Старайтесь не использовать этот тип дверной ручки, потому что она рано или поздно упадет. Подойдет любой другой тип штанги для подтягивания двери.
Если у вас нет других средств, вы можете использовать саму дверь, чтобы подтянуться, но не присылайте мне счет, если он сломается (на петлях).Обязательно подкладывайте что-нибудь под свободный край двери, чтобы она не двигалась, и особенно, чтобы свободный угол не висел в воздухе, оказывая давление на петли.
Пара хороших альтернатив дверям, которые с меньшей вероятностью сломают ее, потому что вы используете ее в закрытом состоянии, — это метод простыни и изготовление дверных ручек с откидной крышкой.
ГРУДЬ:
[Горизонтальный жим, уровень 1] Отжимания на наклонной скамье . Сохраняйте прямые позвоночник и ноги, не позволяйте тазу опускаться.Для этого варианта положите руки на поверхность высотой с стол или столешницу, и когда это станет слишком легко, просто переходите на следующий уровень. Вес, который вы здесь перемещаете, примерно соответствует жиму лежа на 35% веса вашего тела.
[Горизонтальный жим, уровень 2] Отжимания на коленях . Вес, который вы здесь перемещаете, примерно соответствует жиму лежа на 50% веса вашего тела. Лягте на пол, выберите удобное положение рук (выберите нижнее положение, в идеале вы хотите растянуть грудные мышцы, но комфортно в плечах и запястьях), отведите плечи назад и вниз, выпрямите грудь, напрягите мышцы. ягодичные мышцы, чтобы бедра не вздувались во время движения, напрягите пресс, чтобы не допустить гиперэкстензию позвоночника во время движения, начните выполнение: взорвитесь, заблокируйте локти, сохраните полсекундное сокращение при попытке сведите руки вместе, опускайтесь с темпом две полных секунды, внизу полностью опустите грудь на пол до такой степени, что руки совсем не толкаются; подождите полсекунды, чтобы избежать отскока, сбросьте настройки, начните следующее повторение.

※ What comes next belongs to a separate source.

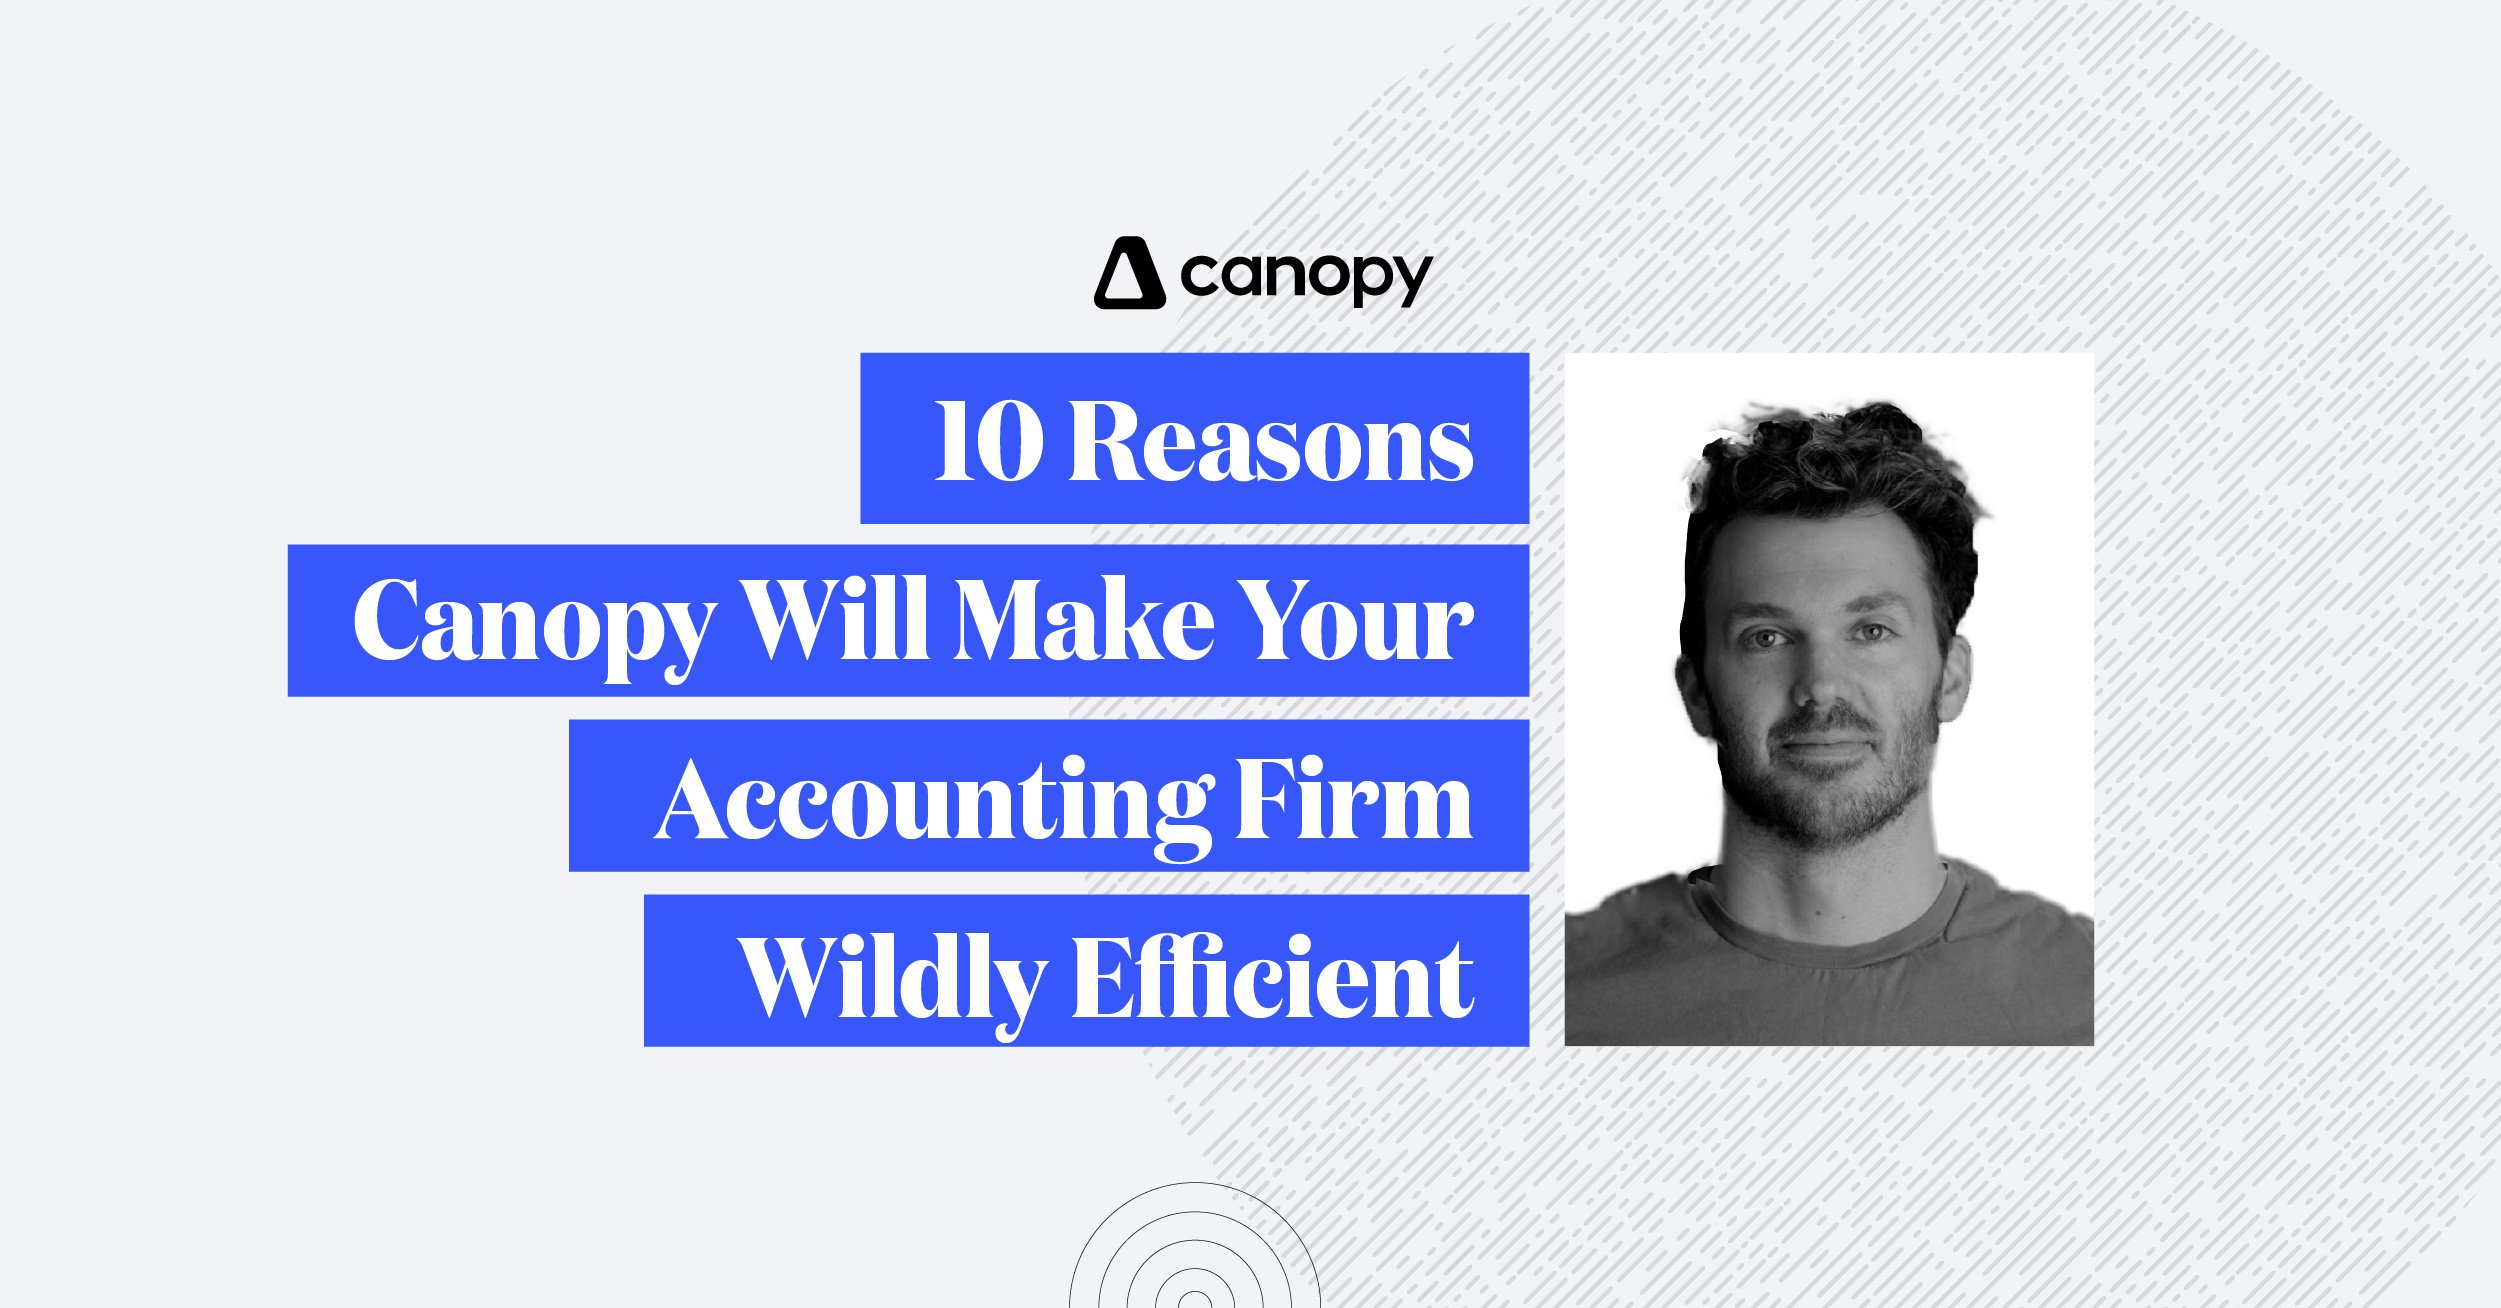 10 Reasons Canopy Will Make Your Accounting Firm Wildly Efficient

[Горизонтальный жим, уровень 3] Отжимания . Вес, который вы здесь перемещаете, примерно соответствует жиму лежа с нагрузкой на 65% вашего тела. Увеличить нагрузку можно с помощью лент. Лягте на пол, выберите удобное положение рук (выберите нижнее положение, в идеале вы хотите растянуть грудные мышцы, но комфортно в плечах и запястьях), отведите плечи назад и вниз, выпрямите грудь, напрягите мышцы. ягодичные мышцы, чтобы бедра не вздувались во время движения, напрягите пресс, чтобы не допустить гиперэкстензию позвоночника во время движения, начните выполнение: взорвитесь, заблокируйте локти, сохраните полсекундное сокращение при попытке сведите руки вместе, опускайтесь с темпом две полных секунды, внизу полностью опустите грудь на пол до такой степени, что руки совсем не толкаются; подождите полсекунды, чтобы избежать отскока, сбросьте настройки, начните следующее повторение.Также посмотрите это видео, чтобы доктор Майк пристыдил вас в надлежащей форме.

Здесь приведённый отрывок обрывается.